A question about a detail of Rospo Mare: the link points to an abstract of the technical paper in which I find

...the reservoir is a karst, essentially conductive, which is extremely different from a conventional reservoir. ...

I sense that 'essentially conductive' is used here in a very special technical sense. This is somewhat comfirmed by the Google hits that I get when I search for "essentially conductive". But I can't really understand the meanings intended in the Google hits. So, I'm asking. What meaning does this phrase convey to a person familiar with petroleum technology? (In contrast, 'extremely different' doesn't appear to be anything more the harmless puffery about the importance of the authors' work.)

A karst formation is one where water migration through the rock has eroded channels and larger cavities, which can, relatively close to the surface fill up with mud, but which also give, through the passages that the water carved through the rock, an easier passage (hence conductive of fluid flow). The passages can be filled with different materials, and remember that the water erosion could have occurred at different times in the rock history so it is difficult to predict how they are oriented, and thus how to take greatest advantage of them. You might think of a series of interconnected caves to give a horizontal picture, or - as in the case in China - places where the landscape is dotted with tall towers of rock separated by deep gorges.

geek -- I'm notfamiliarwith this particuar formation but I'll offer some generalizationsabout such rocks. Karst generally refers to lmestone rocks which have undergone a good bit of dissolution. Every so often you'll see a story about a giant sink hole swallowing a car or or building in Florida. Often such a collapse is cause by the dissolution of the shallow limestone rocks by the slightly acidic ground water.

Such reservoirs are rather different then "conventional" sandstone and other types of carbonate reservoirs. But they can still be called conventional. No hard rule but conventional implies to me the hydrocarbons ar contained in the pores of the rock which have a good permeability (the measure of how well fluids flow through the rock = "essentially conductive"). Karst reservoirs can have very high permeability which can actually be a big negative when trying to drill. These rocks can be so conductive that the drilling mud (even if it's associated pressure isn't much higher of then the rock) will flow uncontrollably into the reservoir.

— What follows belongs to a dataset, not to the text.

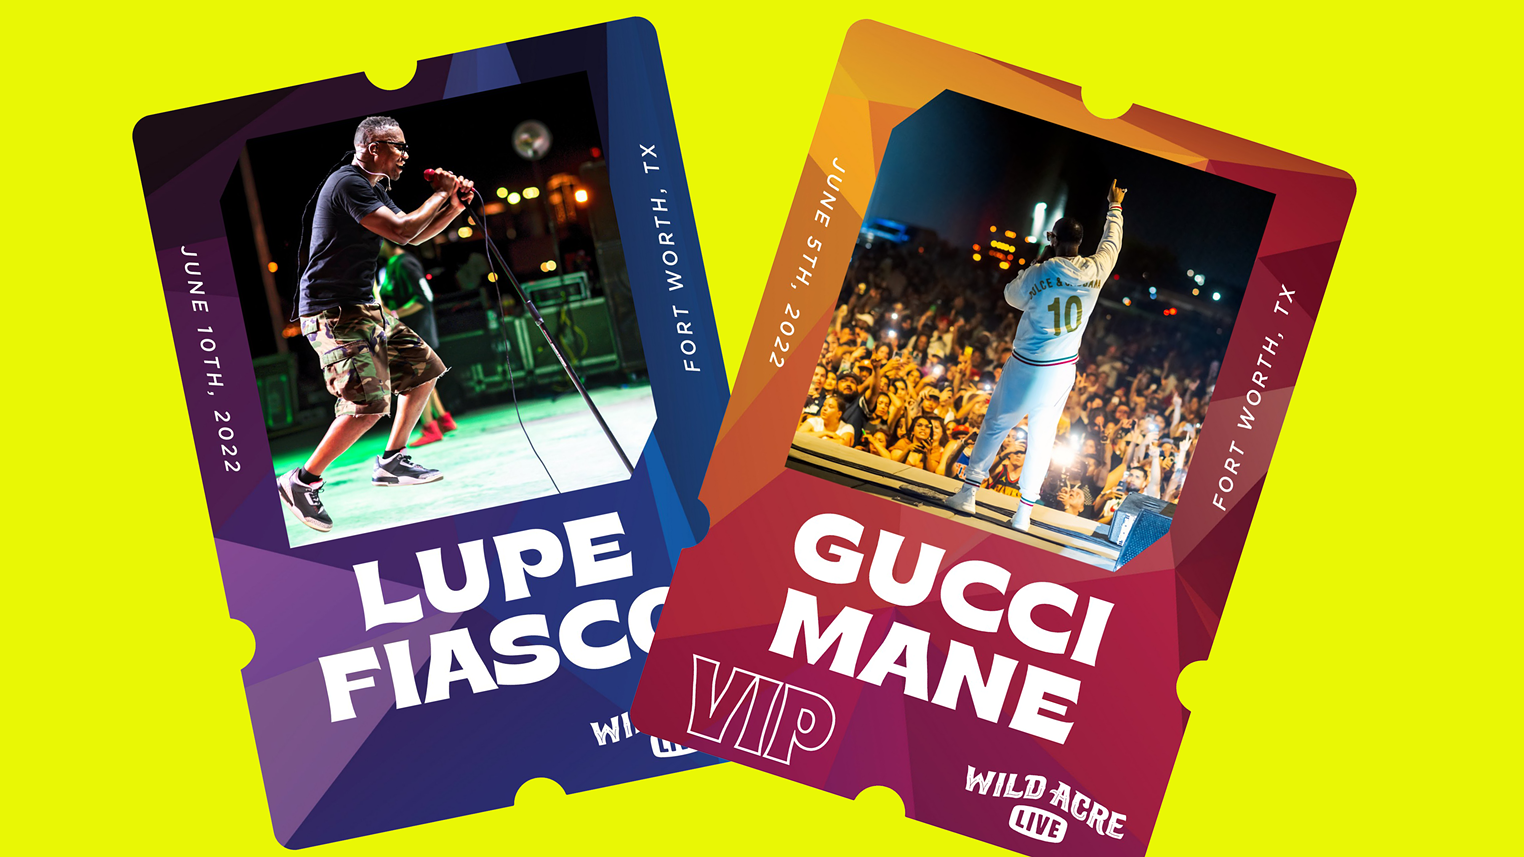 Gucci Mane  Wild Acre Live

That sounds like an opportunity:  just pump water rather than mud, and let the chips and such wash away into the porosity instead of trying to bring them back up the hole.

Thanks HO and Rockman and others for this great tutorial series.

Bio1

How did they know where the drill bit is? It is easy for me to imagine turning a drilling rig, but I find it hard to imagine how I know if it is turning in the desired direction, or just what angle the hole is heading. So there must be a whole other area of downhole technology that provides information about the whereabouts, and heading of the hole?

EOS - They get a telegram from the drill bit telling them where they are. Not kidding. The bottom hole drilling assembly has electronic sensors that determine the bit location. This information is sent to the surface via the mud column. The drilling assembly sends out a coded pulse similar to a telegraph dot/dash. Additionally, they'll occasional pump down in the mud a small metal tube with a similar electronic system which measures the hole's locations as it goes down. The tube returns to the surface and is downloaded. This allows a confirmation of the original direction survey. The system can be amazingly accurate. I once keep the drill bit in the top 3 feet of a reservoir that was over a mile and a half away laterally and 10,000' deep.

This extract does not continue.